Die aufgeworfenen Fragen bedürfen keiner abschließenden Entscheidung, weil - wie bereits oben ausgeführt - allein das Verhalten des Klägers im Zusammenhang mit der Stundenabrechnung für den 30.11.2004 die außerordentliche Kündigung rechtfertigt. Den vom Kläger angebotenen Beweisen war nicht nachzugehen, da er bereits die ihm obliegende Einlassungslast gemäß § 138 Abs. 1 und 2 ZPO nicht erfüllt hat.

III.

Die Kosten seiner erfolglosen Berufung muss gemäß § 97 Abs. 1 ZPO der Kläger tragen. Der Streitwert des Berufungsverfahrens wurde gemäß § 63 Abs. 2 GKG festgesetzt. Die Zulassung der Revision ist nicht veranlasst. Das vorliegende Berufungsurteil ist deswegen derzeit mit der Revision nicht anfechtbar.
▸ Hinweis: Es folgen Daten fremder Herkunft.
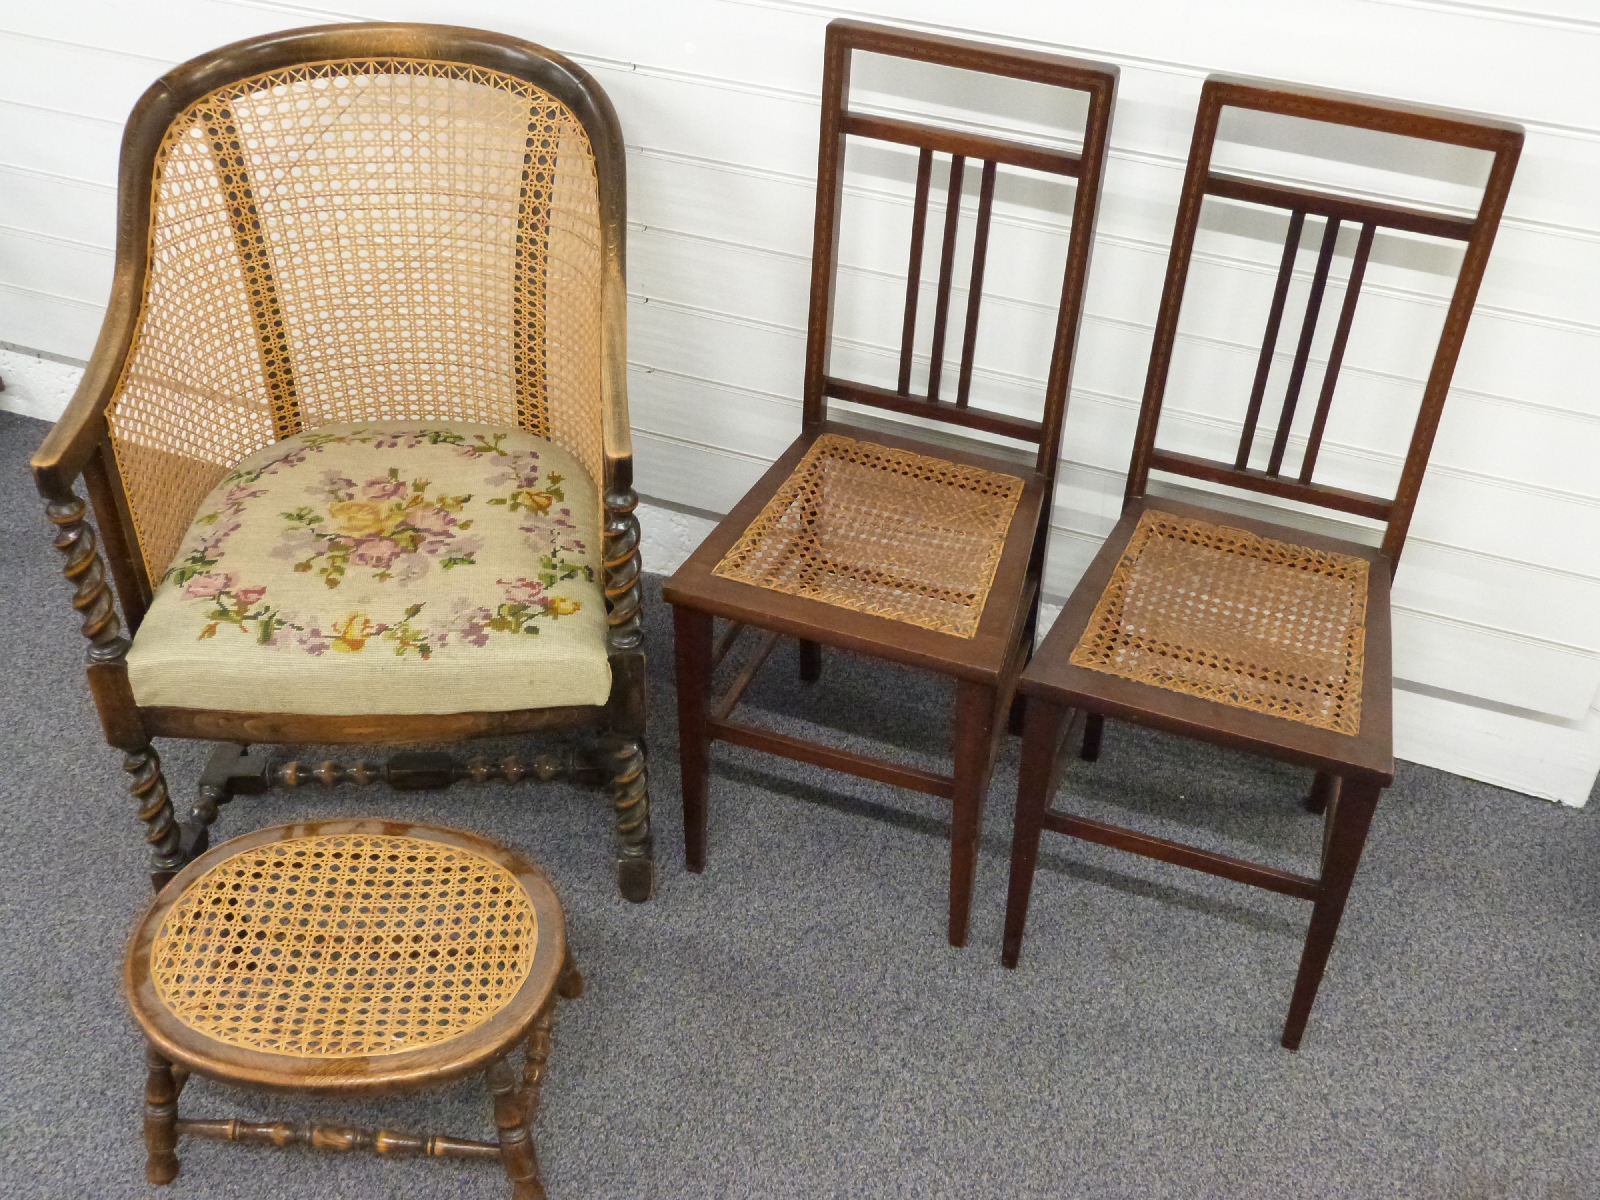 Three bergere chairs, one with tapestry upholstery, barley twist legs and a footstool - Image 2 of 2

Die Nichtzulassung der Revision durch das Landesarbeitsgericht kann unter den Voraussetzungen des § 72a ArbGG und nach näherer Maßgabe dieser Vorschrift selbständig durch Beschwerde, die beim Bundesarbeitsgericht, Hugo-Preuss-Platz 1, 99084 Erfurt, einzulegen ist, angefochten werden. Darauf wird der Kläger hingewiesen.